## Data shown
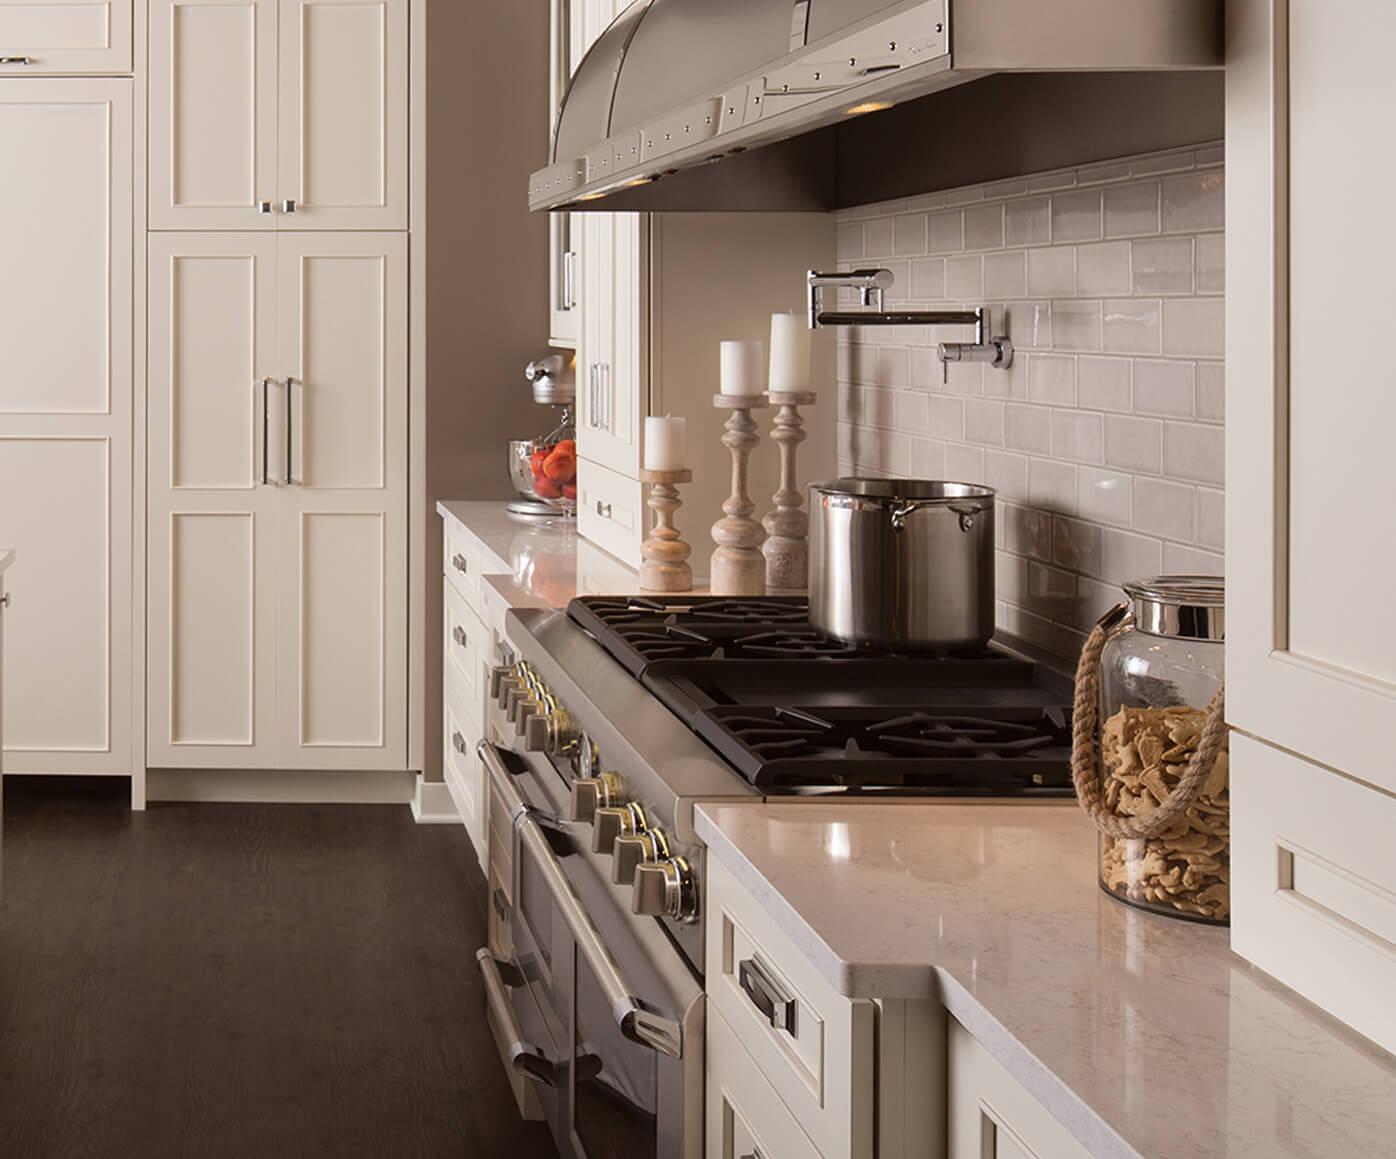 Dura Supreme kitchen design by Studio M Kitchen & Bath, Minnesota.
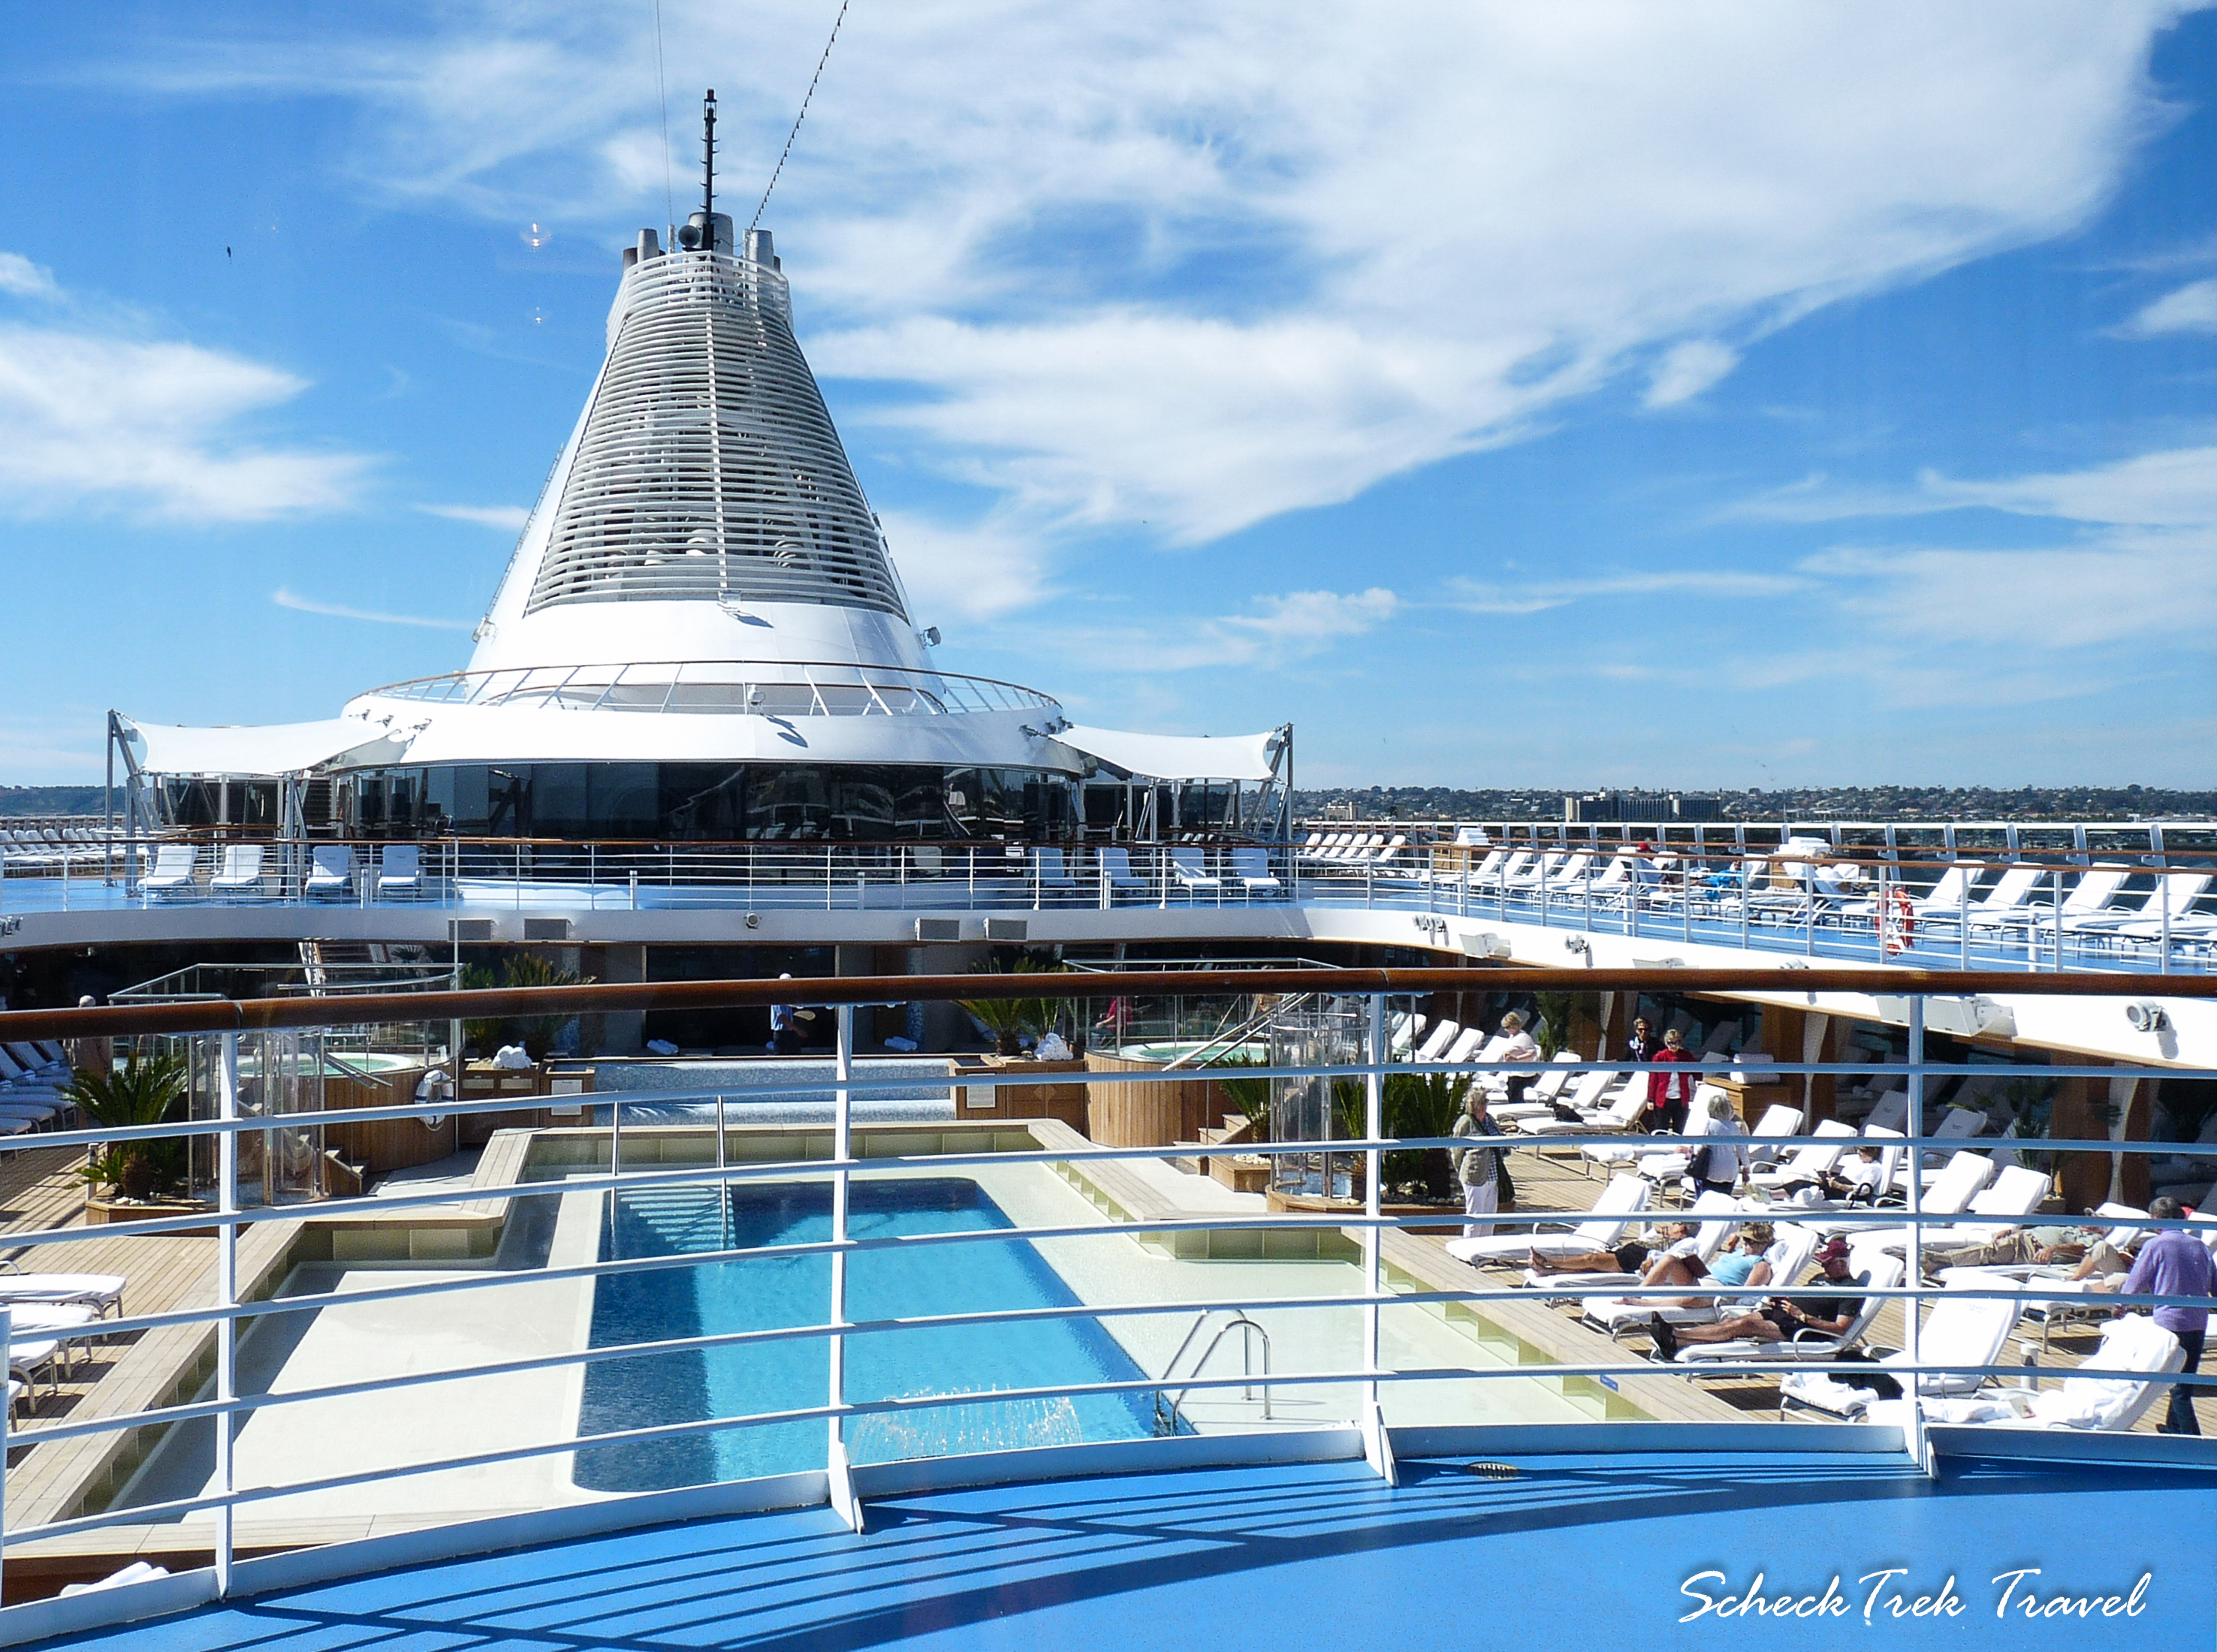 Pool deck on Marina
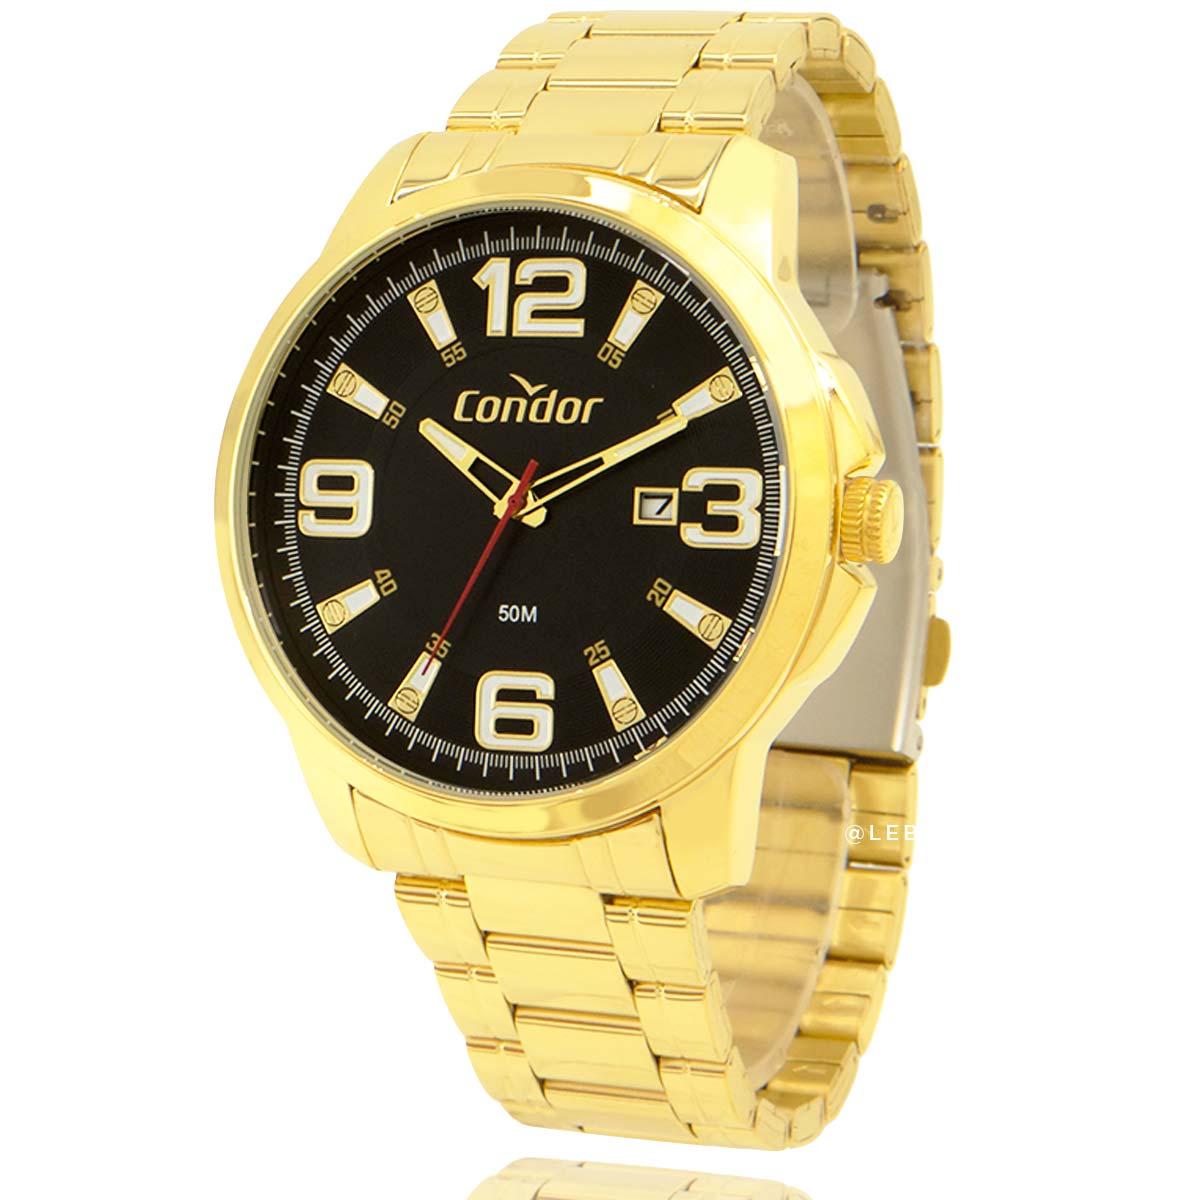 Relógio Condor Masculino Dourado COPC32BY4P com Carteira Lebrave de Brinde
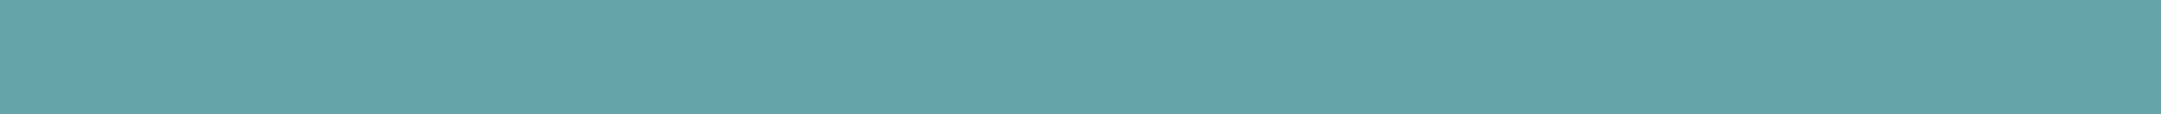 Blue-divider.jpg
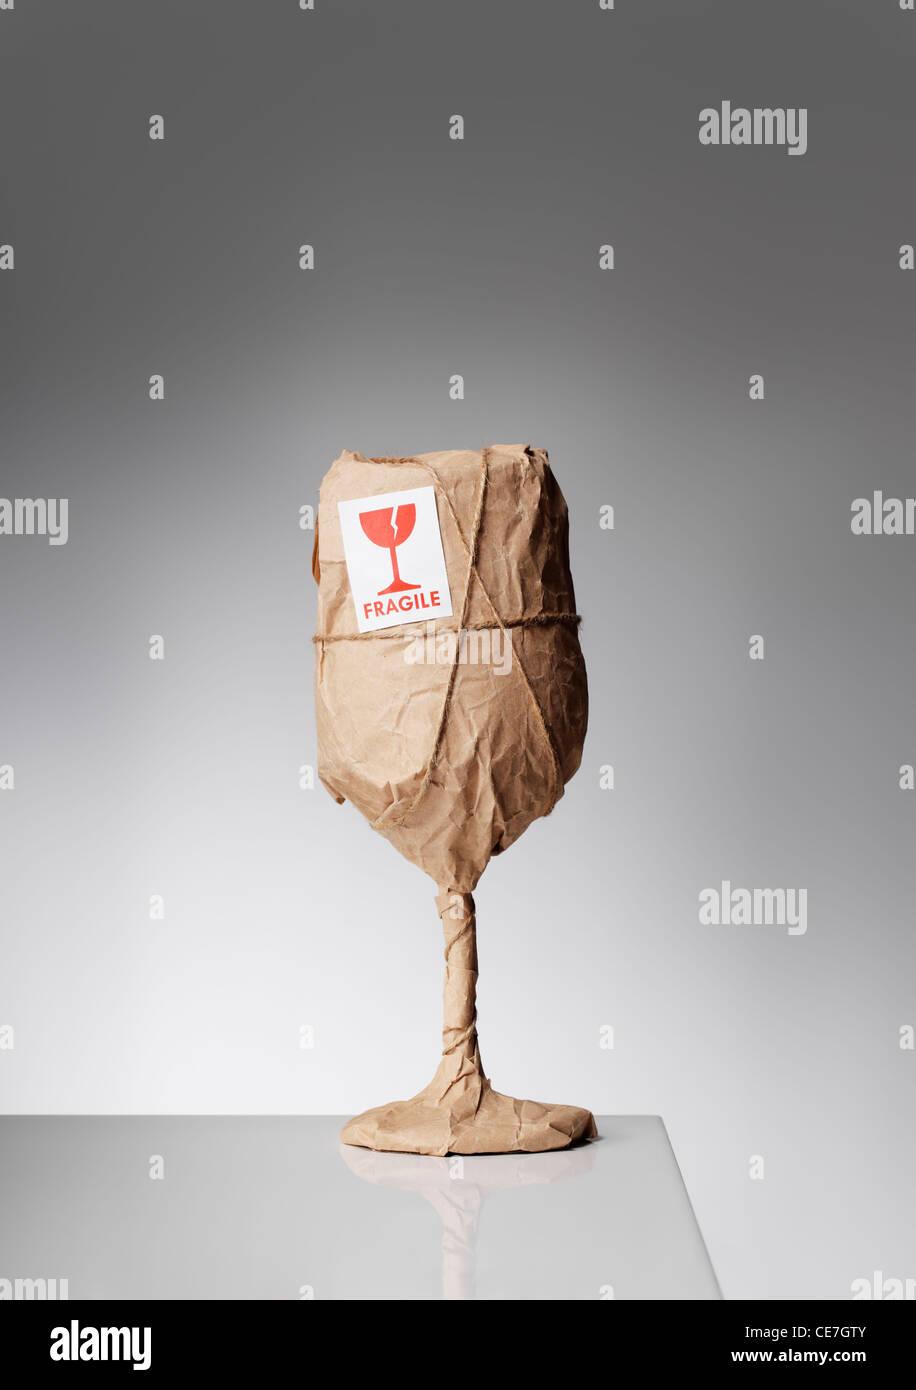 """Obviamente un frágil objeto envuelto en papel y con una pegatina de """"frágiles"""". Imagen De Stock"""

## Work to be completed
Transcribe every line from the one with "Relógio Condor Masculino" to the last line of the records above, exactly, excluding pictures.

## Worked solution
 Relógio Condor Masculino Dourado COPC32BY4P com Carteira Lebrave de Brinde
 Blue-divider.jpg
 """Obviamente un frágil objeto envuelto en papel y con una pegatina de """"frágiles"""". Imagen De Stock"""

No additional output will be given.